Yellowbrick: Machine Learning Visualization

Yellowbrick extends the Scikit-Learn API to make model selection and hyperparameter tuning easier. Under the hood, it’s using Matplotlib.

Recommended Learning Path

Check out the Quick Start, try the Model Selection Tutorial, and check out the Oneliners.
Use Yellowbrick in your work, referencing the Visualizers and API for assistance with specific visualizers and detailed information on optional parameters and customization options.
Star us on GitHub and follow us on Twitter (@scikit_yb) so that you’ll hear about new visualizers as soon as they’re added.

Contributing

Interested in contributing to Yellowbrick? Yellowbrick is a welcoming, inclusive project and we would love to have you. We follow the Python Software Foundation Code of Conduct.

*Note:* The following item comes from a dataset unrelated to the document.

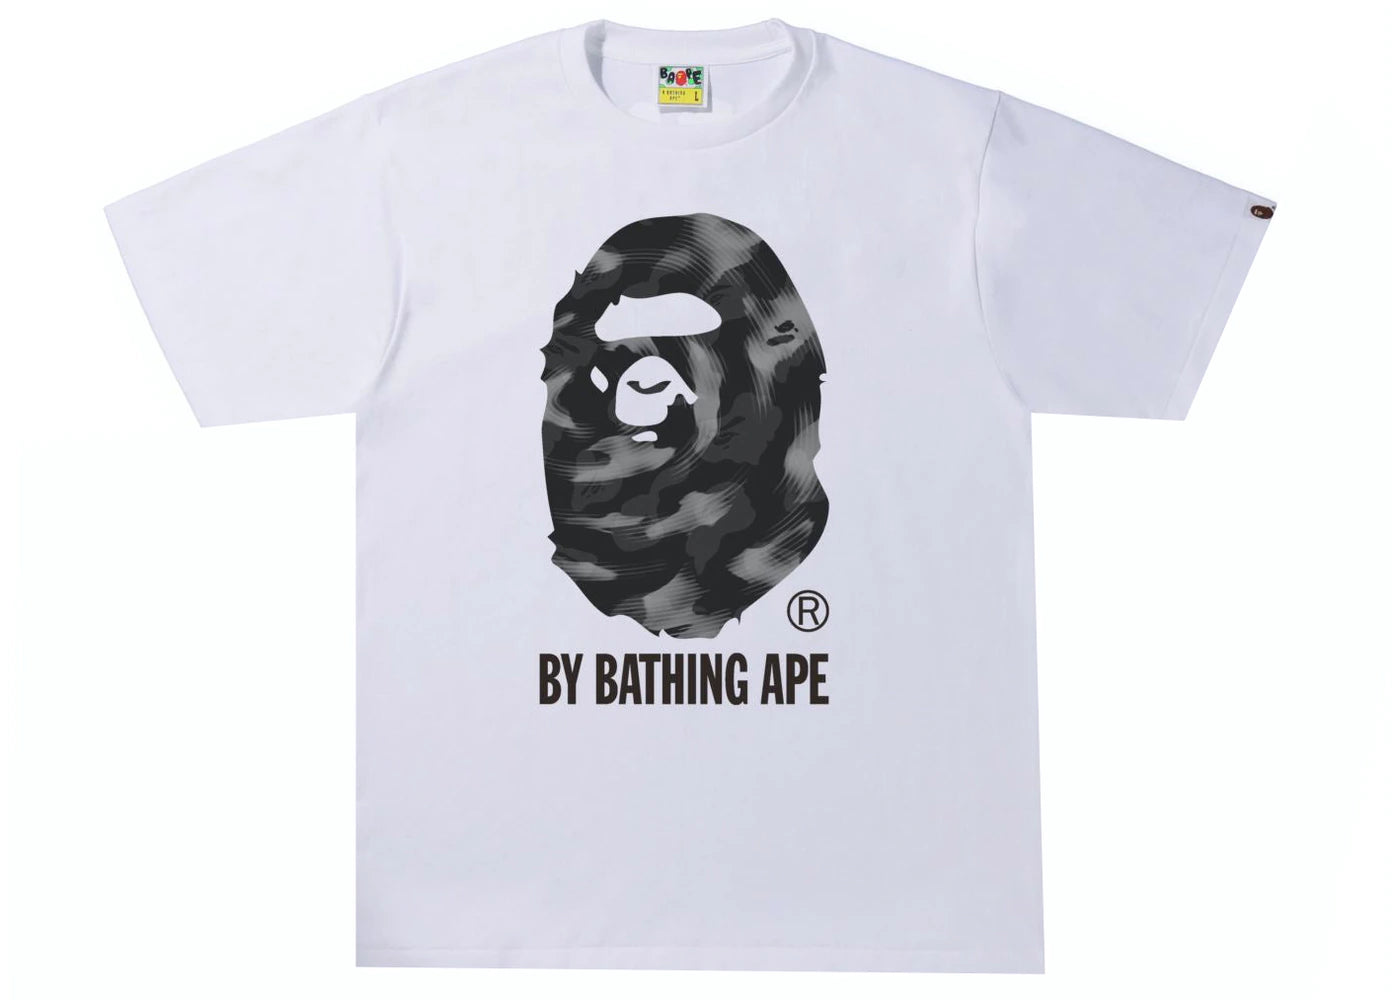 BAPE Stroke Camo by Bathing Ape Tee White/Black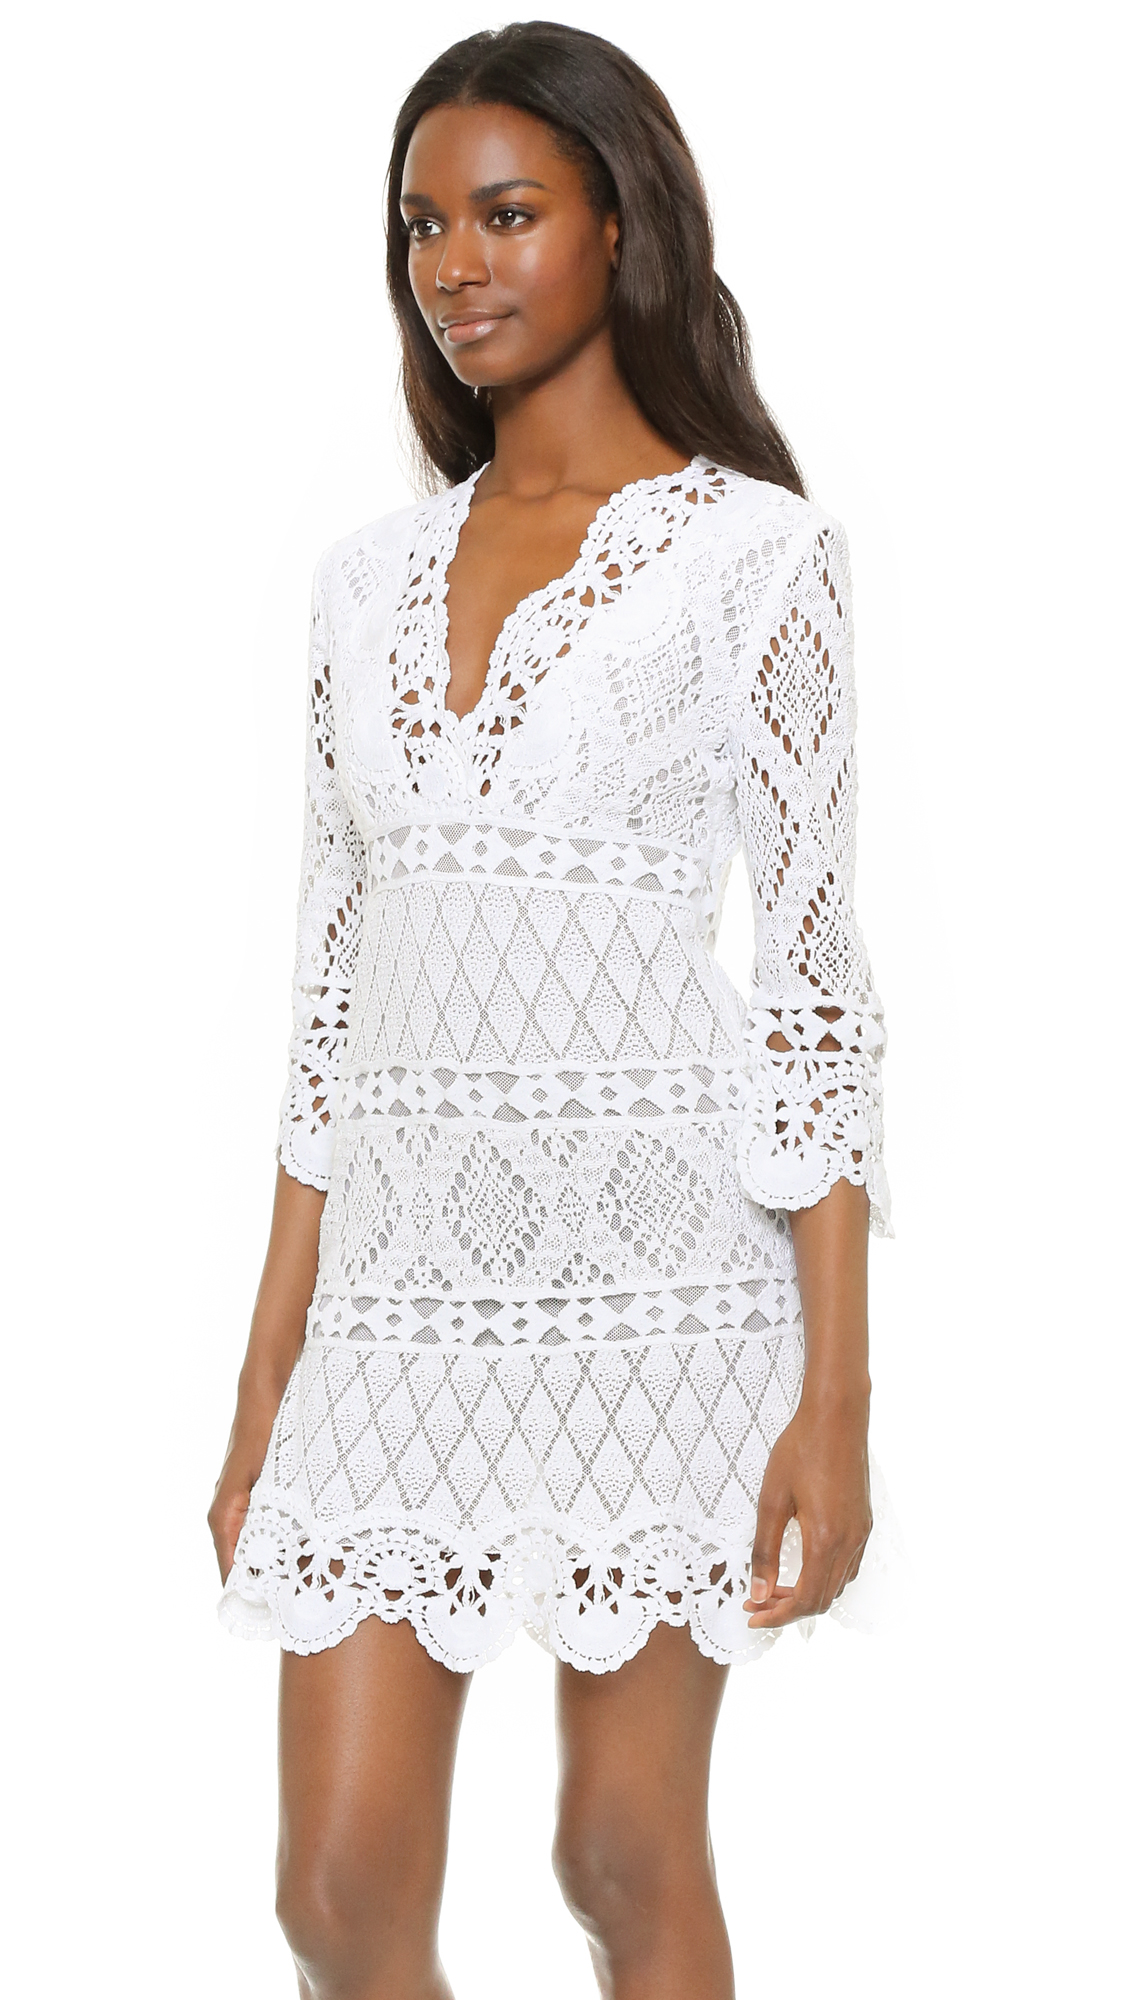 Temptation positano Crochet Dress in White | Lyst

No matter your level of technical skill, you can be helpful. We appreciate bug reports, user testing, feature requests, bug fixes, product enhancements, and documentation improvements.

Check out the Contributing guide!

If you’ve signed up to do user testing, head over to the User Testing Instructions.

Please consider joining the Google Groups Listserv listserve so you can respond to questions.

Thank you for your contributions!

Concepts & API

Visualizers

The primary goal of Yellowbrick is to create a sensical API similar to Scikit-Learn.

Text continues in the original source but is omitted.